New Delhi: India’s factory output growth slowed to 0.6% in August after expanding 2.7% in the previous month, data released on Friday show, suggesting that economic recovery remains tenuous.

The manufacturing and mining sectors contracted 0.1% and 0.2%, respectively, in the month while electricity generation grew 7.2%, according to the Index of Industrial Production (IIP) data put out by the government.

The Reserve Bank of India (RBI) is scheduled to announce its second-quarter monetary policy on 29 October. Even against the backdrop of weak economic growth, some experts expect the central bank to hike the repo rate to tame inflation.

Inflation as measured by the wholesale price index, or WPI, quickened to 6.1% in August from 5.79% in July on rising food prices. Retail inflation, as measured by the consumer price index, or CPI, slowed for the second month to 9.52% in August from 9.64% in July.

RBI governor Raghuram Rajan, in an interview that Mint published on 8 October, said he would take a call on the monetary policy after looking at the factory output and inflation numbers. The CPI and WPI data for September will be released on Monday.

“I continue to say inflation is a primary concern. But the fight against inflation will take into account the state of the economy," Rajan said.

The International Monetary Fund (IMF) said that in a number of economies, including Brazil, India and Indonesia, more monetary tightening may well be needed to address inflationary pressure from capacity constraints, which will likely be reinforced by recent currency depreciation. Since January, the rupee has weakened by about 11% against the US dollar and lost the third most after the Indonesian rupiah and Japanese yen in Asia.

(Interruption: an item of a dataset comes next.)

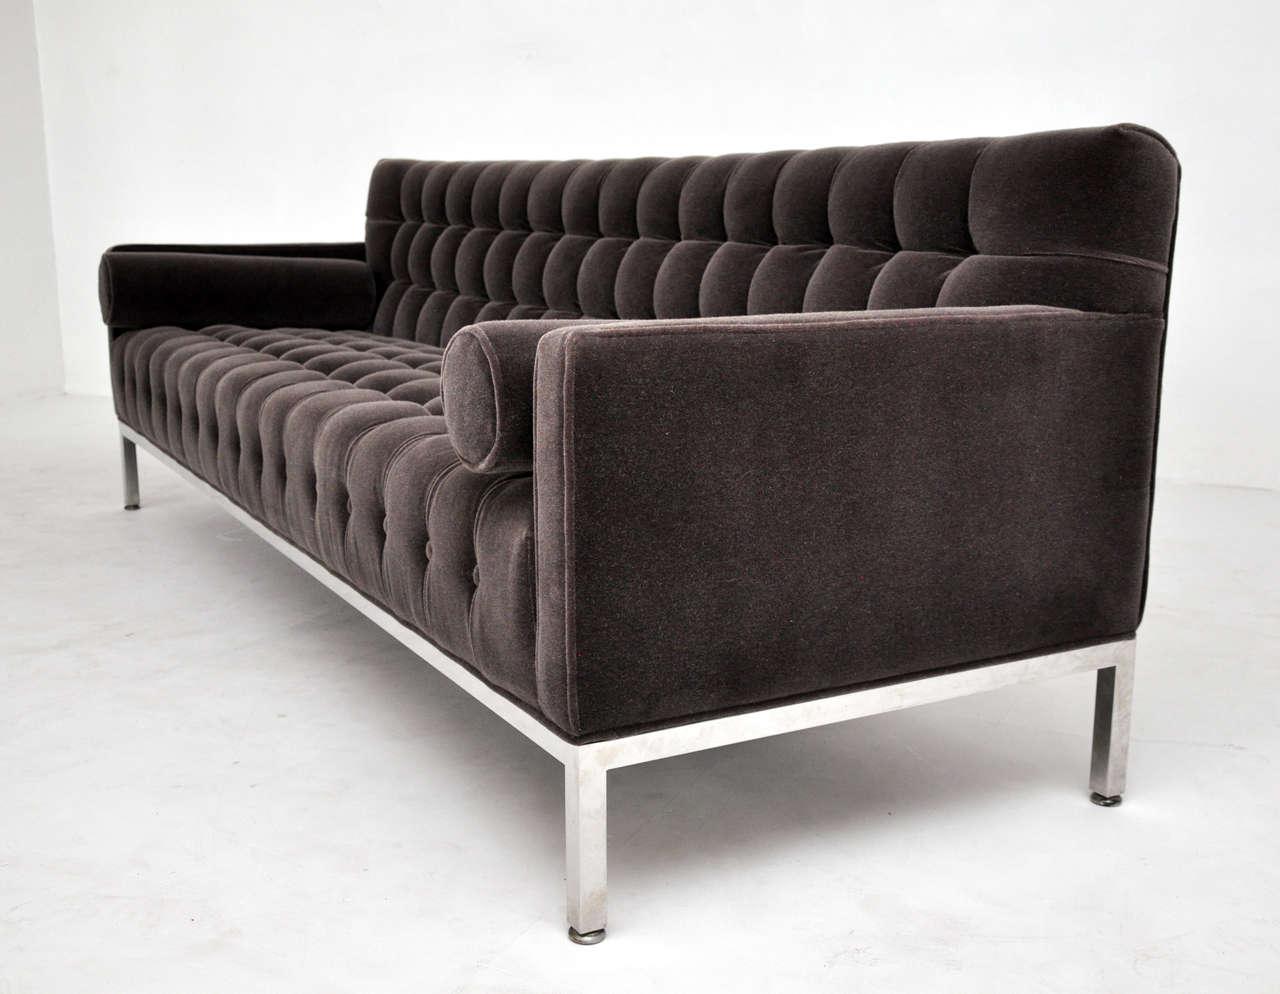 Tufted baker sofa image 7 for Baker furniture sectional sofa

While output in the volatile capital goods segment, which represents investment demand in the economy, contracted 2% in August, basic goods and intermediate goods production expanded 1.5% and 3.6%, respectively. Consumer goods output also contracted 0.8% on a sharp decline in production of consumer durables by 7.6% for the ninth time in a row.

Madan Sabnavis, chief economist at CARE Ratings, said the hope is that during the festival and the harvest seasons consumer demand will revive, which, coupled with some pick-up in investment, could bring about a turnaround. This, however, will be very gradual, he said.

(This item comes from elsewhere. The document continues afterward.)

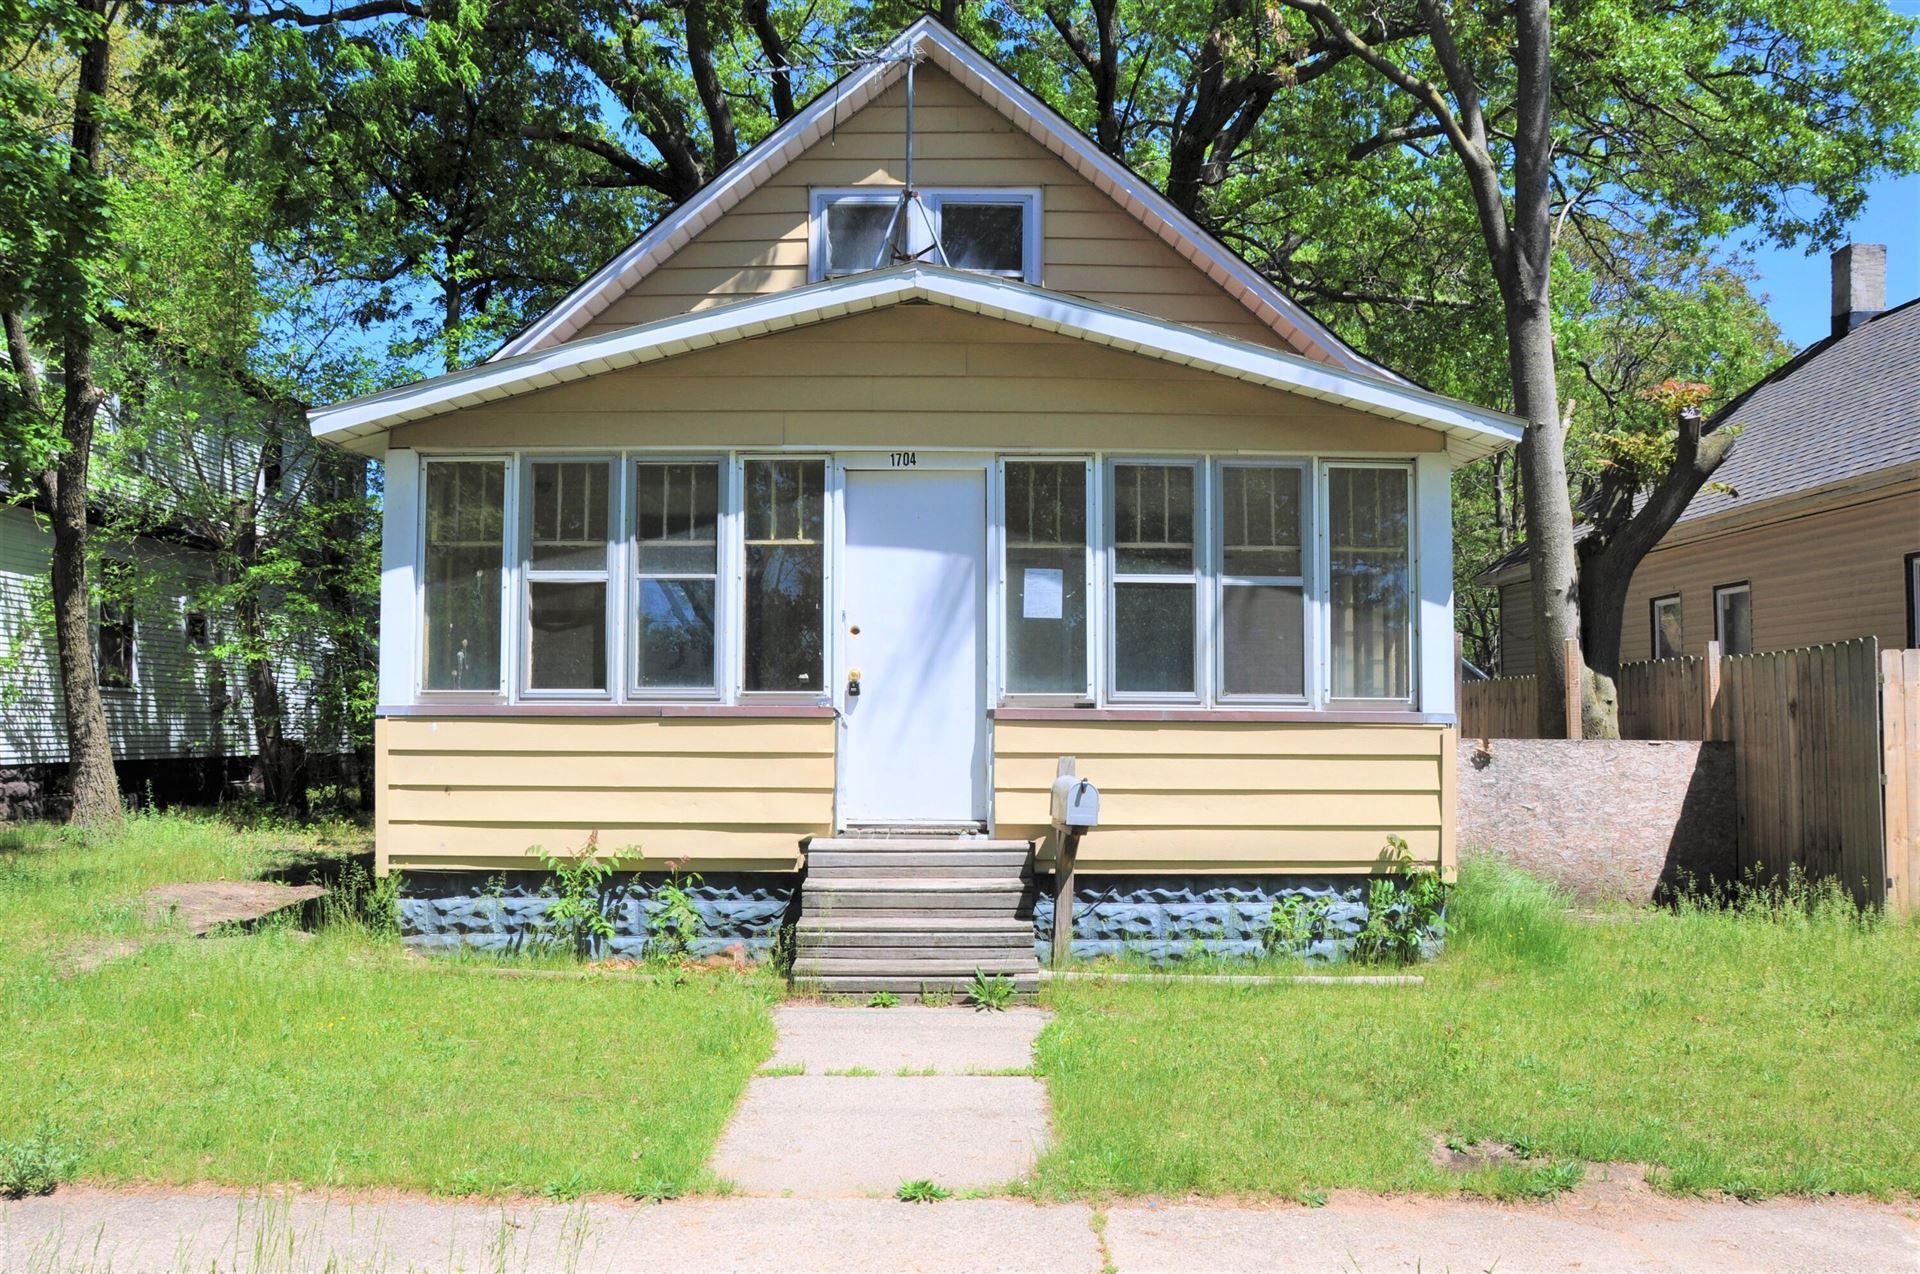 1704 Wood Street, Muskegon, MI 49442 - MLS#: 21020307

Finance minister P. Chidambaram said on Thursday the economy had shown early indications of a recovery with a pick-up in exports in the second quarter, the return of growth in the manufacturing sector and a reasonable rise in freight traffic.

Rajan, in the interview, said the news on the Indian economy from now on will start getting better. He said strong farm output, speedy implementation of large infrastructure projects and high exports will help the economy bounce back in the second half of the financial year (October-March).

But IMF forecast that India’s economic growth would fall to 4.25% in the year to 31 March in its World Economic Outlook report released on Tuesday, saying the economy would continue to underperform because of regulatory, infrastructural and financing issues.

The projection is less than the government’s estimate of gross domestic product (GDP) growth of 5-5.5%. IMF said robust farm production will be offset by an anaemic performance by the manufacturing and services sectors, and that the current monetary tightening will crimp domestic demand.

“I know that the World Economic Outlook report does not share my optimism, but I may tell you that we do not share their pessimism," Chidambaram said.

India’s economy grew by 4.4% in the three months ended 30 June, its slowest quarterly pace in four years. In 2012-13, economic growth at 5% was the slowest in a decade.

The Asian Development Bank on 2 October slashed its growth forecast for India to 4.7% for 2013-14 from 6% earlier. It expects economic growth in India to pick up in 2014-15 to 5.7%, down from 6.5% projected earlier.

The finance ministry, in a quarterly review of the economy for the April-June period posted on its website, said current macroeconomic trends indicate that a combination of global and domestic developments is likely to result in a “shallow U" shaped recovery in 2013-14.